Enable debug logging

export TF_LOG=DEBUG
export PYVIDER_LOG_LEVEL=DEBUG
terraform apply

Add logging to _create method

async def _create(self, ctx: ResourceContext, base_plan: dict):
    logger.debug("_create called", config=base_plan)
    breakpoint()  # Pause to inspect
    # ... rest of method

Verify the operation is called
Check logs for "_create called"
If not called, check schema/config

Test with minimal config

resource "pyvider_file_content" "test" {
  filename = "/tmp/test.txt"
  content  = "test"
}

Check for swallowed exceptions

try:
    result = await self.api.create(...)
except Exception as e:
    logger.error("Create failed", error=str(e))
    raise  # Don't swallow!

Scenario 2: "State drift isn't detected"¶

Symptoms: Manual changes not detected by terraform plan

Debug workflow:

Check read() implementation

async def read(self, ctx: ResourceContext):
    logger.debug("read() called", state=ctx.state.__dict__)
    # Should return None if resource doesn't exist
    # Should return updated state if changed

Verify read() returns correct state

async def read(self, ctx: ResourceContext):
    current = await self.fetch_current_state()

    logger.debug(
        "Comparing states",
        terraform_state=ctx.state.__dict__,
        current_state=current.__dict__
    )

    return current

Test manually

# Create resource
terraform apply

# Modify manually
echo "changed" > /tmp/test.txt

# Should show drift
terraform plan

Scenario 3: "Provider crashes on apply"¶

Symptoms: Provider process exits unexpectedly

Debug workflow:

Find the stack trace

# Check Terraform logs
cat terraform.log | grep -A 20 "Traceback"

# Check provider logs
export PYVIDER_LOG_LEVEL=DEBUG
terraform apply 2>&1 | grep -B 5 -A 20 "Error"

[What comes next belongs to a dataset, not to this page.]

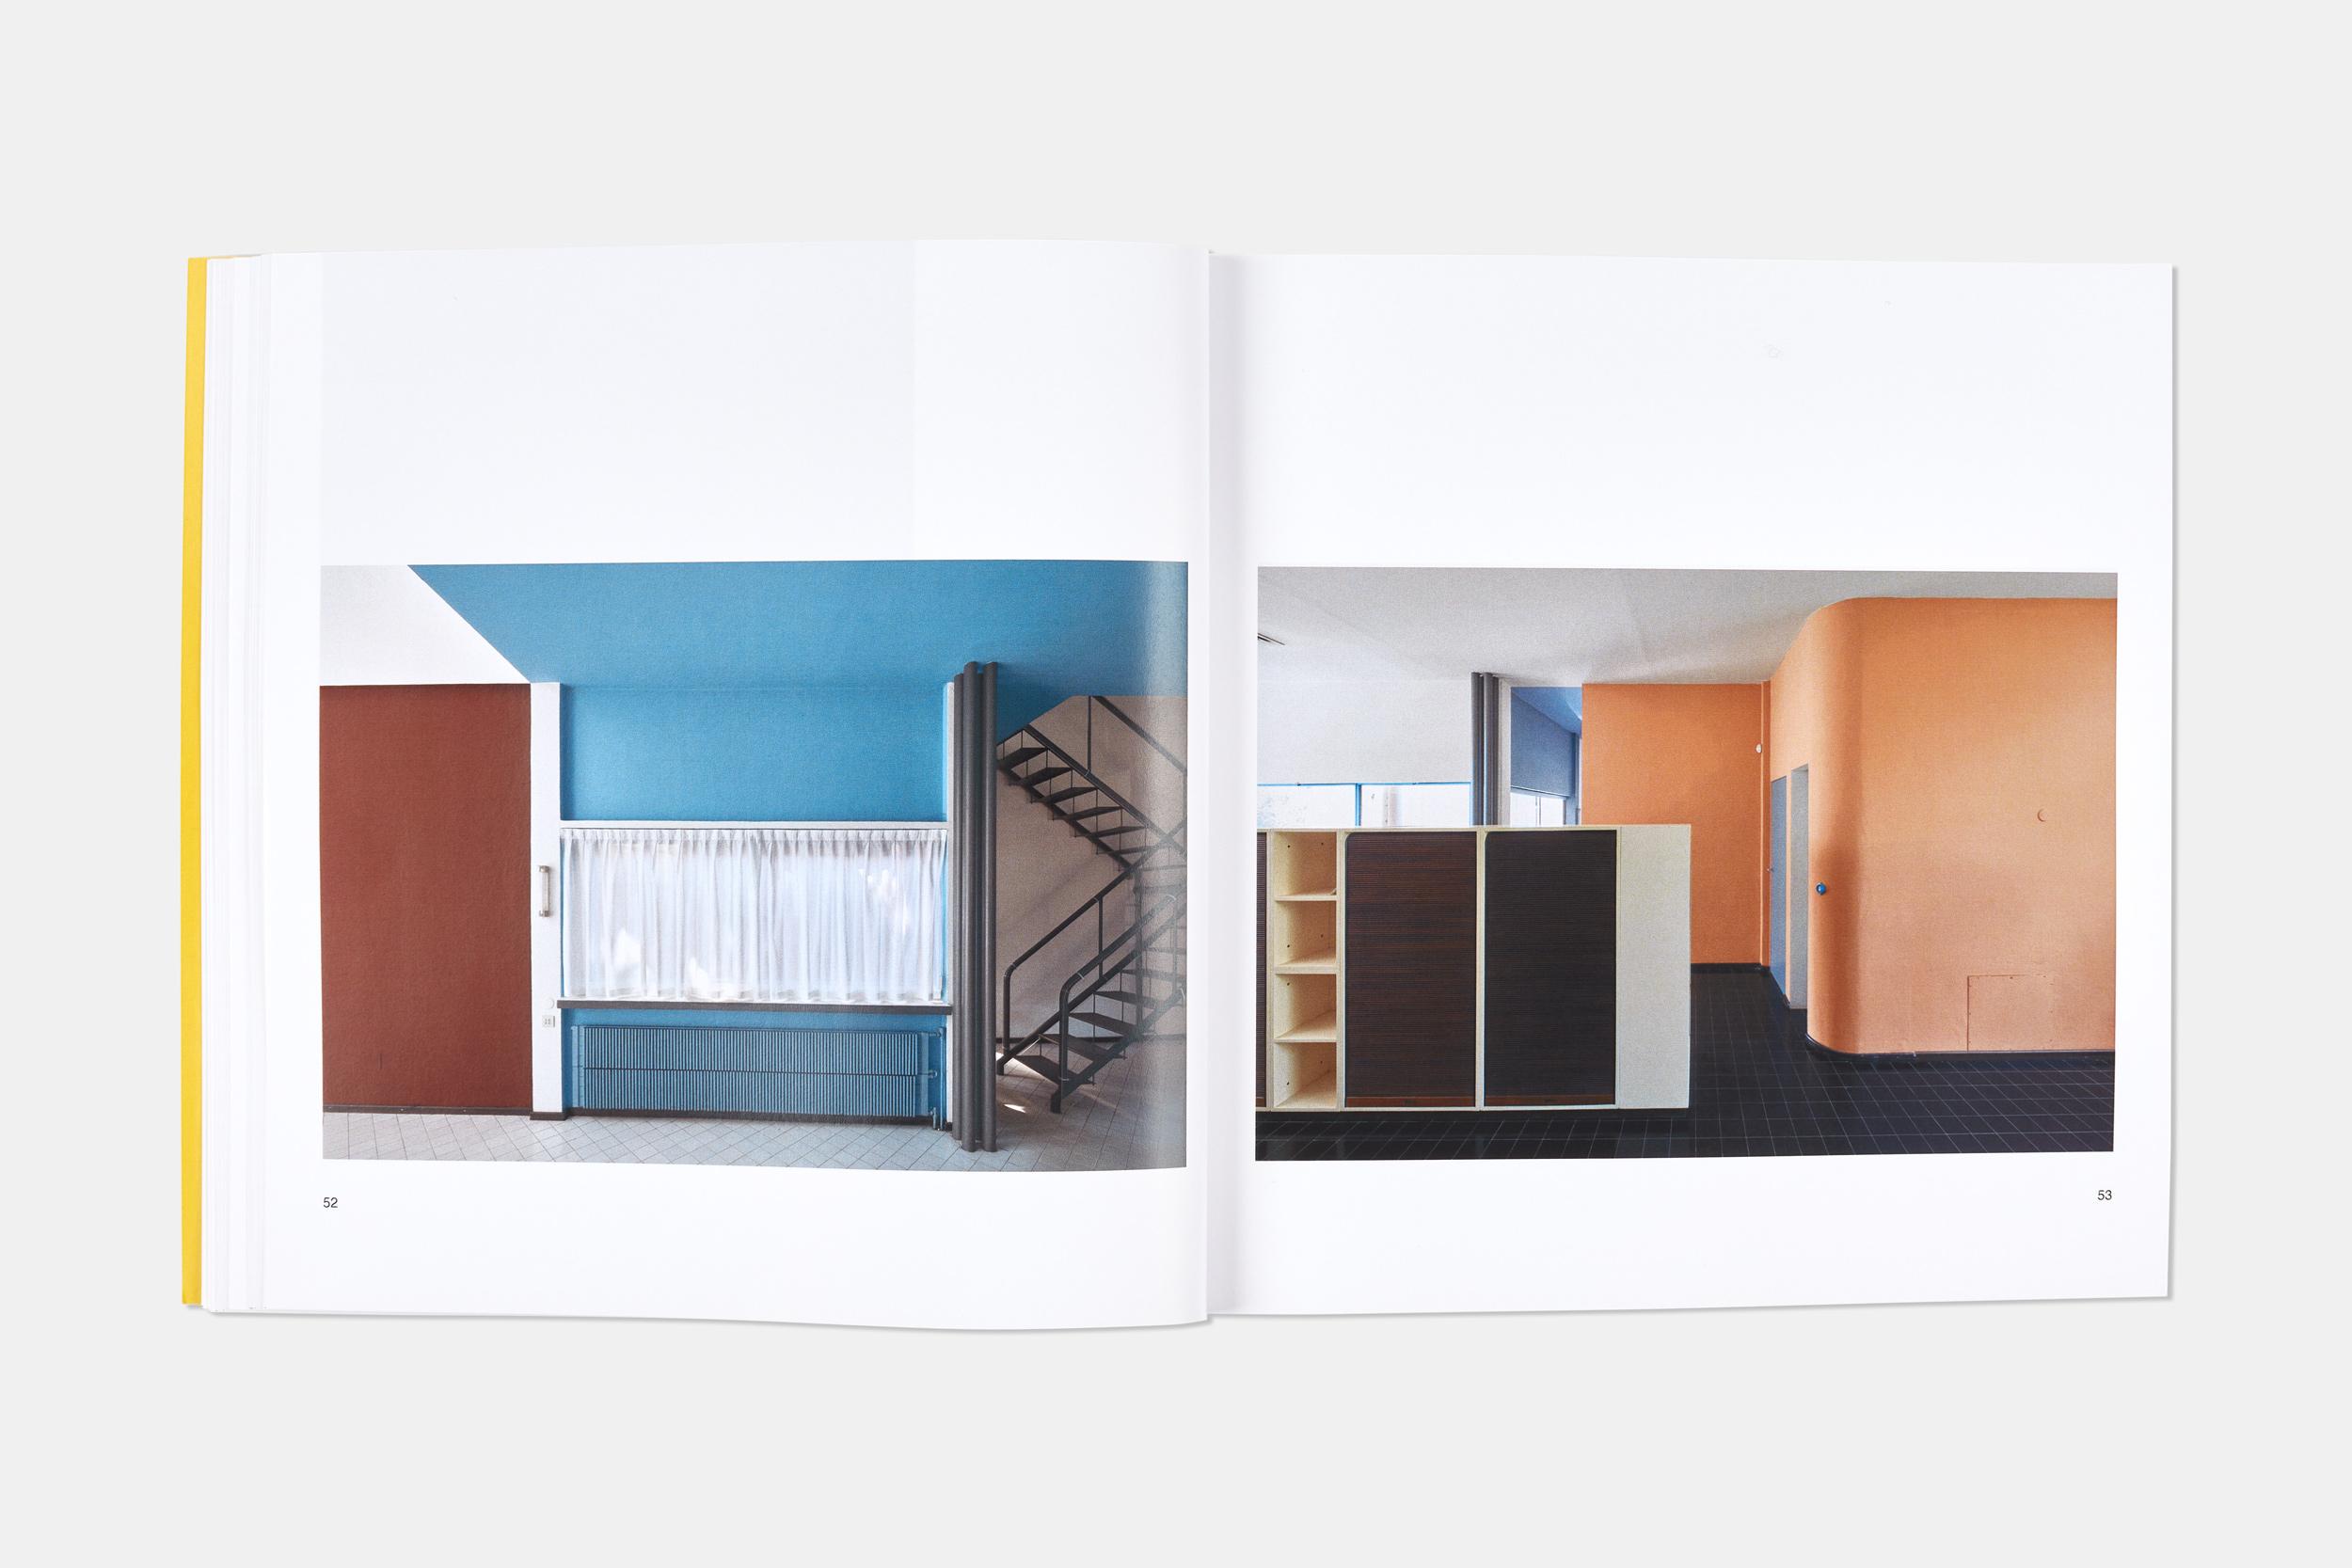 Federico_Covre_Le_Corbusier_Phoenix_Book_Esprit_Nouveau_2018_20
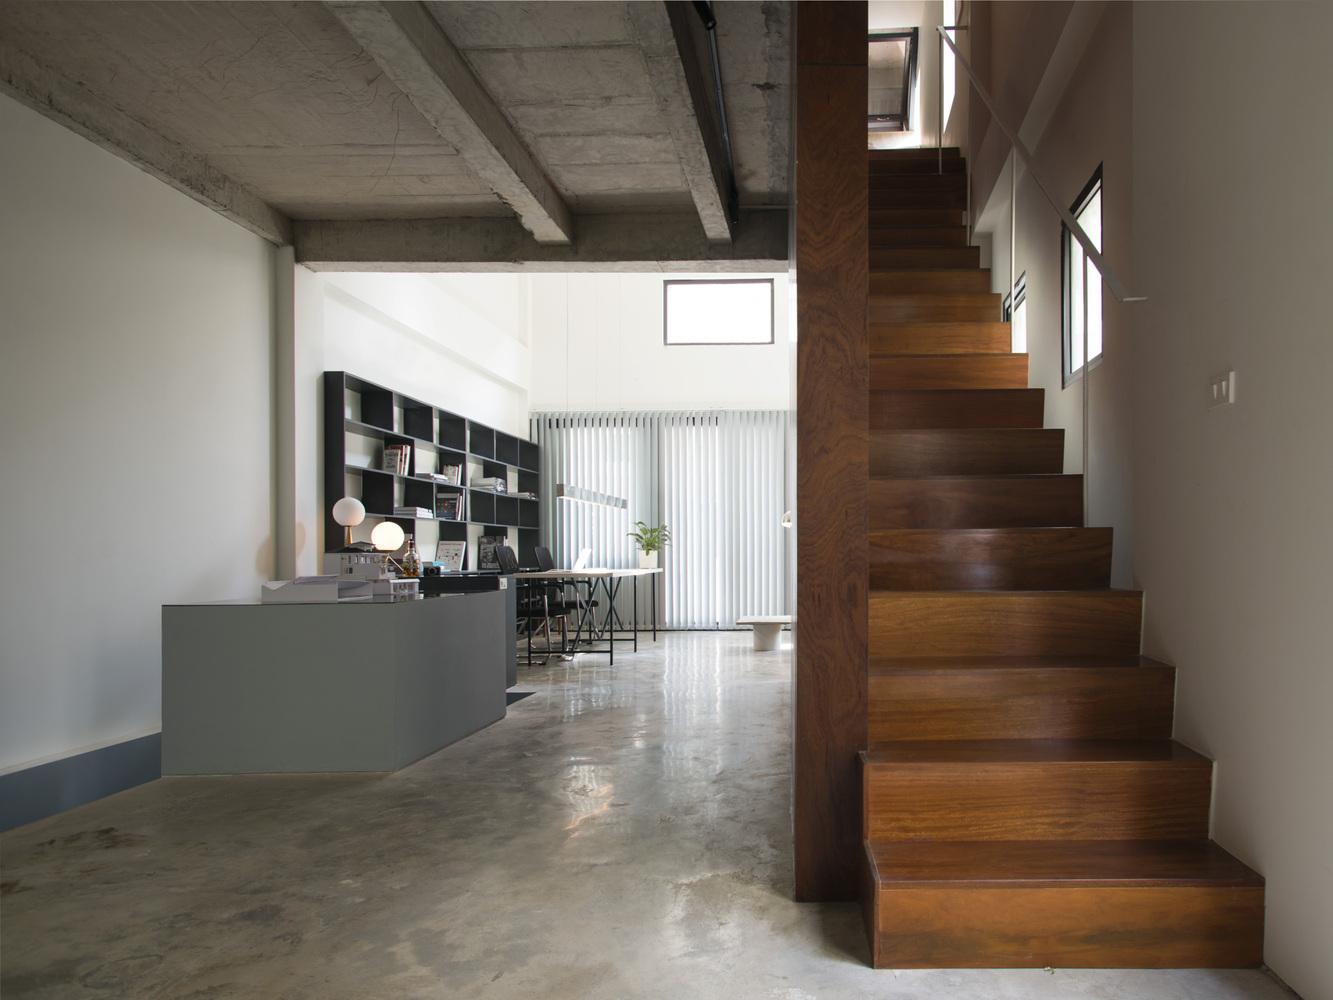 Văn phòng làm việc tại nhà được thiết kế theo phong cách công nghiệp

Identify the failing method

# Add try/except with logging
async def _create(self, ctx: ResourceContext, base_plan: dict):
    try:
        logger.debug("Starting create")
        result = await self.api.create(...)
        logger.debug("Create succeeded")
        return result, None
    except Exception as e:
        logger.error("Create failed", error=str(e), traceback=True)
        raise

Use debugger to catch exception

import sys
sys.settrace(lambda *args: None)  # Enable full tracebacks

async def _create(self, ctx: ResourceContext, base_plan: dict):
    breakpoint()  # Will stop before crash
    result = await self.api.create(...)
    return result, None

Scenario 4: "Slow performance / hangs"¶

Symptoms: Operations take very long or hang indefinitely

Debug workflow:

Add timing logs

import time

async def _create(self, ctx: ResourceContext, base_plan: dict):
    start = time.time()
    logger.debug("Create starting")

    result = await self.api.create(...)

    duration = time.time() - start
    logger.debug("Create completed", duration_seconds=duration)
    return result, None

Check for blocking operations

# Bad: Blocking in async function
async def read(self, ctx: ResourceContext):
    import time
    time.sleep(10)  # BLOCKS entire event loop!

# Good: Use async sleep
async def read(self, ctx: ResourceContext):
    await asyncio.sleep(10)

Profile with py-spy

# Find provider process
ps aux | grep terraform-provider-pyvider

# Profile it
py-spy top --pid <provider_pid>

# Generate flamegraph
py-spy record --pid <provider_pid> --output profile.svg

Check for connection issues

# Add timeout to HTTP clients
self.http_client = httpx.AsyncClient(timeout=30.0)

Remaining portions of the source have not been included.